Role of Notch-1/PLA2-IIA in oral dysbiosis, inflammation, and periodontal disease

The mechanisms by which mucosal responses to the microbiota in the presence of specific pathogenic bacterial species (e.g. P. gingivalis-Pg), could abrogate the host-microbe symbiotic relationship leading to dysbiosis and inflammatory disease remain not fully understood. Our pioneering R21 studies demonstrated that Pg-induced

phospholipase A2 group IIA (PLA2-IIA), in a mechanism that involves activation of Notch-1 receptor (N1R) by Pg gingipains, modulates the antimicrobial properties of oral epithelial cells (OECs). This is consistent with in vivo and clinical evidence supporting the potent (ng/mL) antimicrobial effects of PLA2-IIA. Noteworthy, oral

bacterial species exhibited differential antimicrobial susceptibility to PLA2-IIA. Moreover, gingival PLA2-IIA expression and N1R activation were elevated during initiation and progression of periodontal disease, which was concurrent with oral dysbiosis in non-human primates. In agreement with these observations, new preliminary

studies using mice models demonstrated increased gingival PLA2-IIA expression and N1R activation early after Pg infection. Remarkably, the oral microbiome of transgenic mice overexpressing PLA2-IIA (PLA2-IIA-Tg) exhibited significant differences in the abundance of bacterial species (decreased Firmicutes and increased

Proteobacteria) compared to their wild type co-caged littermates. Oral dysbiosis in PLA2-IIA-Tg mice was associated with changes in the gingival expression of genes involved in intracellular sensing (NOD2), classical antimicrobial factors (S100a8/S100a9, hBD1), and M1/M2 macrophage chemokines. N1R is a critical modulator

of mucosal immunity; therefore, the ability of Pg to activate N1R in OECs is an exciting and innovative observation.
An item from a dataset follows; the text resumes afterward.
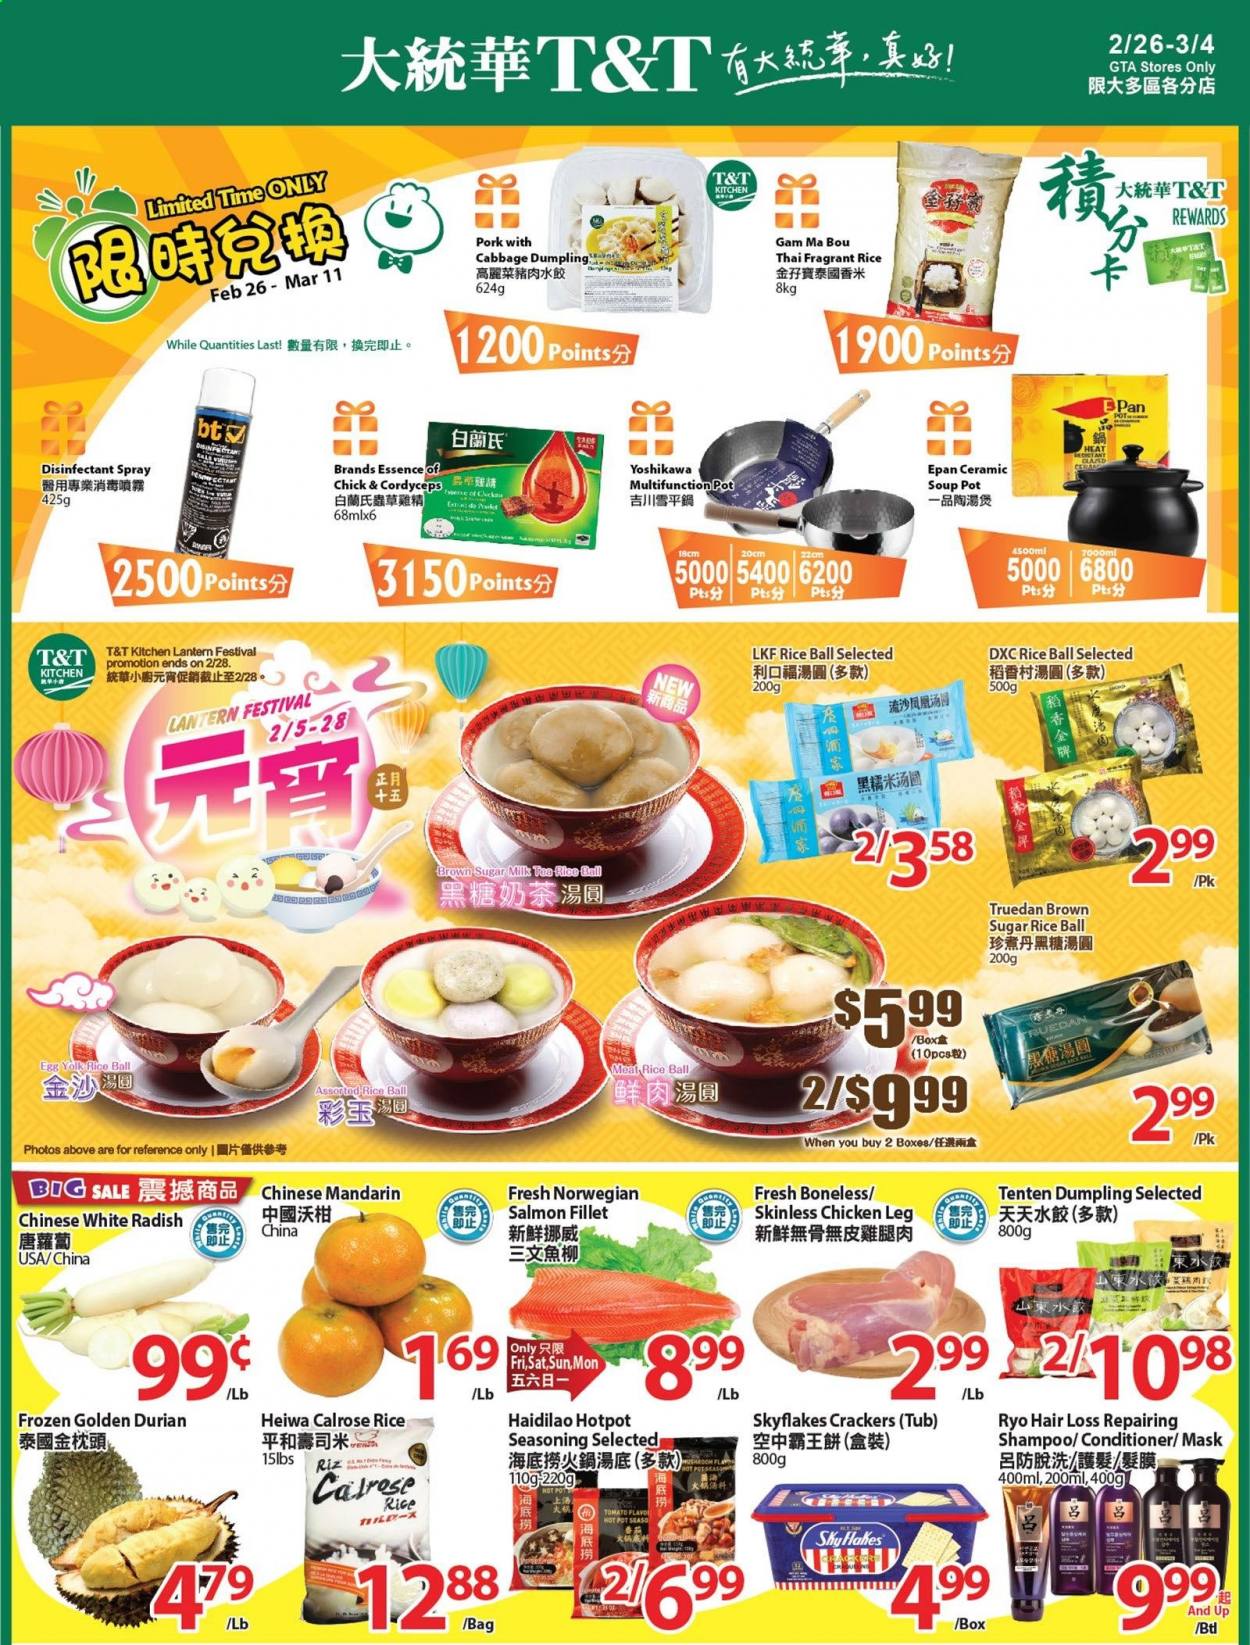 thumbnail - Circulaire T&T Supermarket - 26 Février 2021 - 04 Mars 2021 - Produits soldés - riz, crackers, shampooing. Page 1.
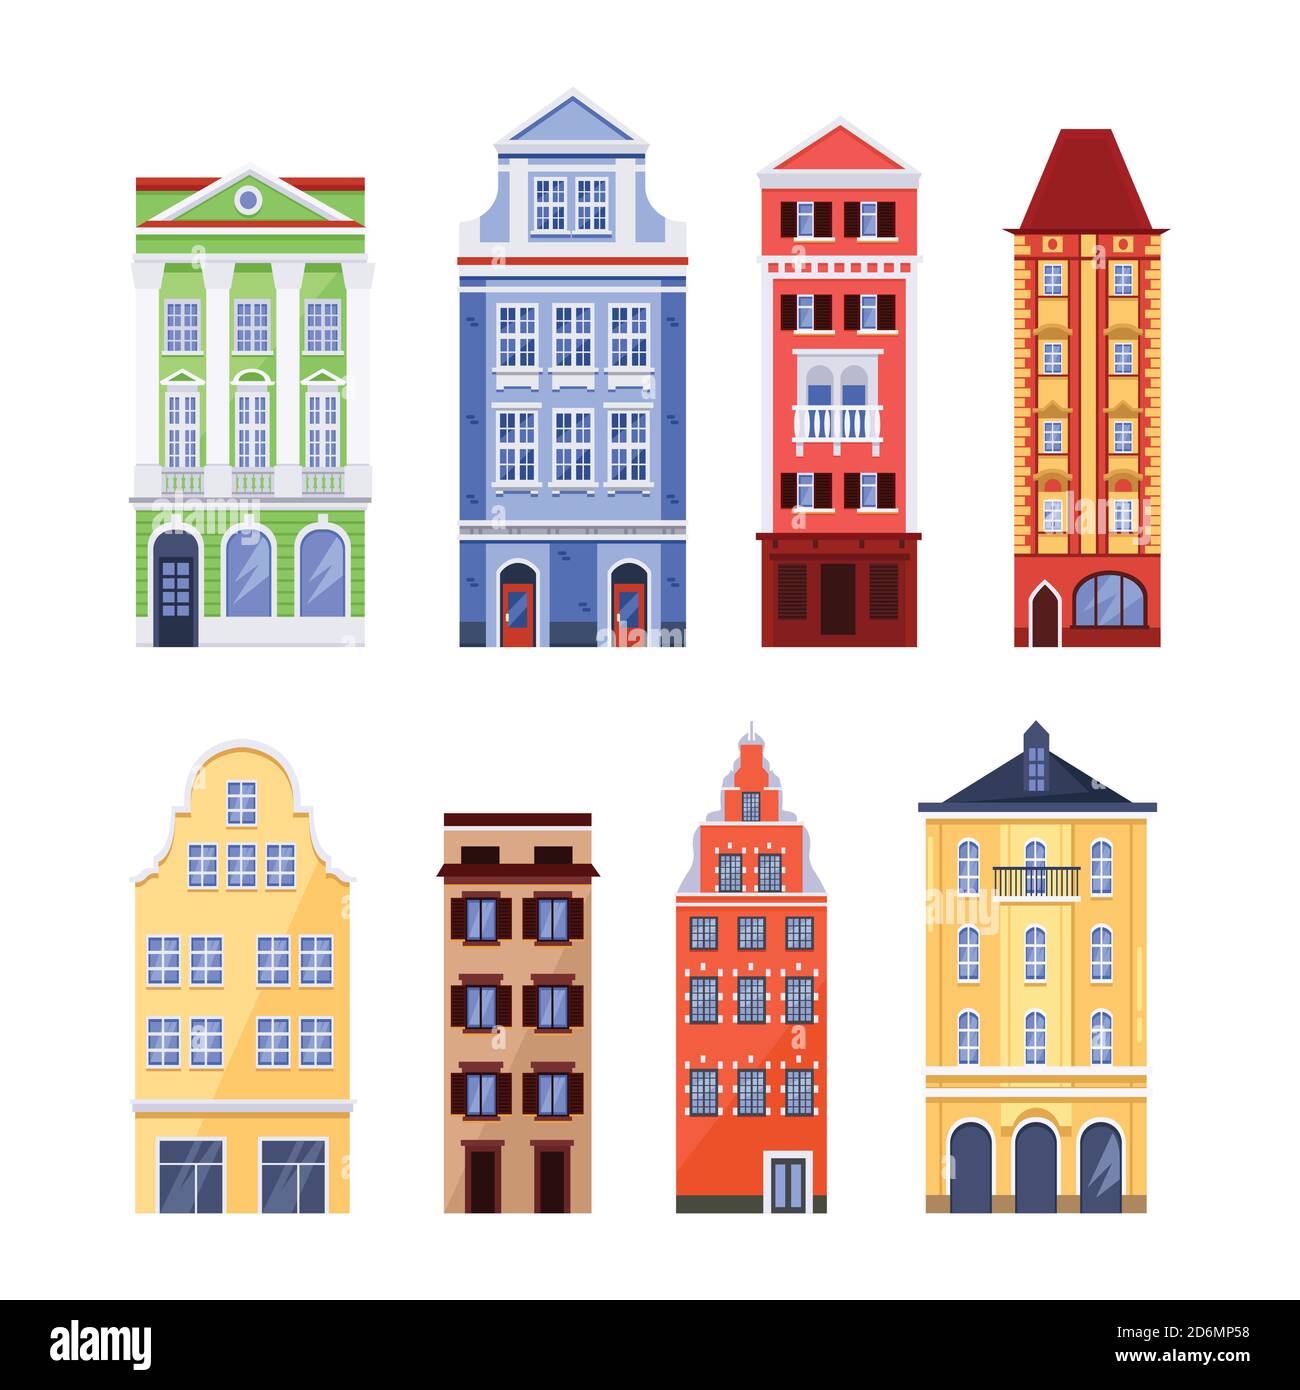 Vieux bâtiments colorés, illustration vectorielle isolée à plat. Façades de maisons traditionnelles européennes. Éléments de conception de l'architecture urbaine. Illustration de Vecteur

Preliminary data suggested that other OEC functions/responses (bacterial sensing, apoptosis, and autophagy) could involve Pg-induced N1R activation. Based on this evidence, we hypothesize that activation of

Notch-1/PLA2-IIA pathway in gingival epithelial surfaces would be an innovative and plausible mechanism by which pathogens such as Pg could specifically enhance oral dysbiosis, inflammation and periodontal disease. To test this hypothesis, we propose three specific aims: (i) To determine the role of PLA2-IIA in Pg-induced

oral dysbiosis, inflammation and periodontal disease, (ii) To determine the role of epithelial Notch-1 in Pg-induced PLA2-IIA and periodontitis, and (iii) To identify and validate oral epithelial innate responses modulated by Pg through Notch-1 activation. To address these knowledge gaps, we will use the Pg-induced periodontitis oral gavage model in mouse strains with or without a

natural PLA2-IIA mutation, PLA2-IIA-Tg mice with their WT littermates, epithelial-specific N1R deficient mice, as well as OEC cultures to validate the role of this pathway in Pg-induced oral dysbiosis and periodontal disease. These findings will enable a better understanding of the cellular and molecular mechanisms that are specifically

modulated by pathogens to alter microbial communities at mucosal surfaces as well as contribute to the evidence for future research designed to determine the role of N1R in oral health and other diseases (e.g., oral cancer).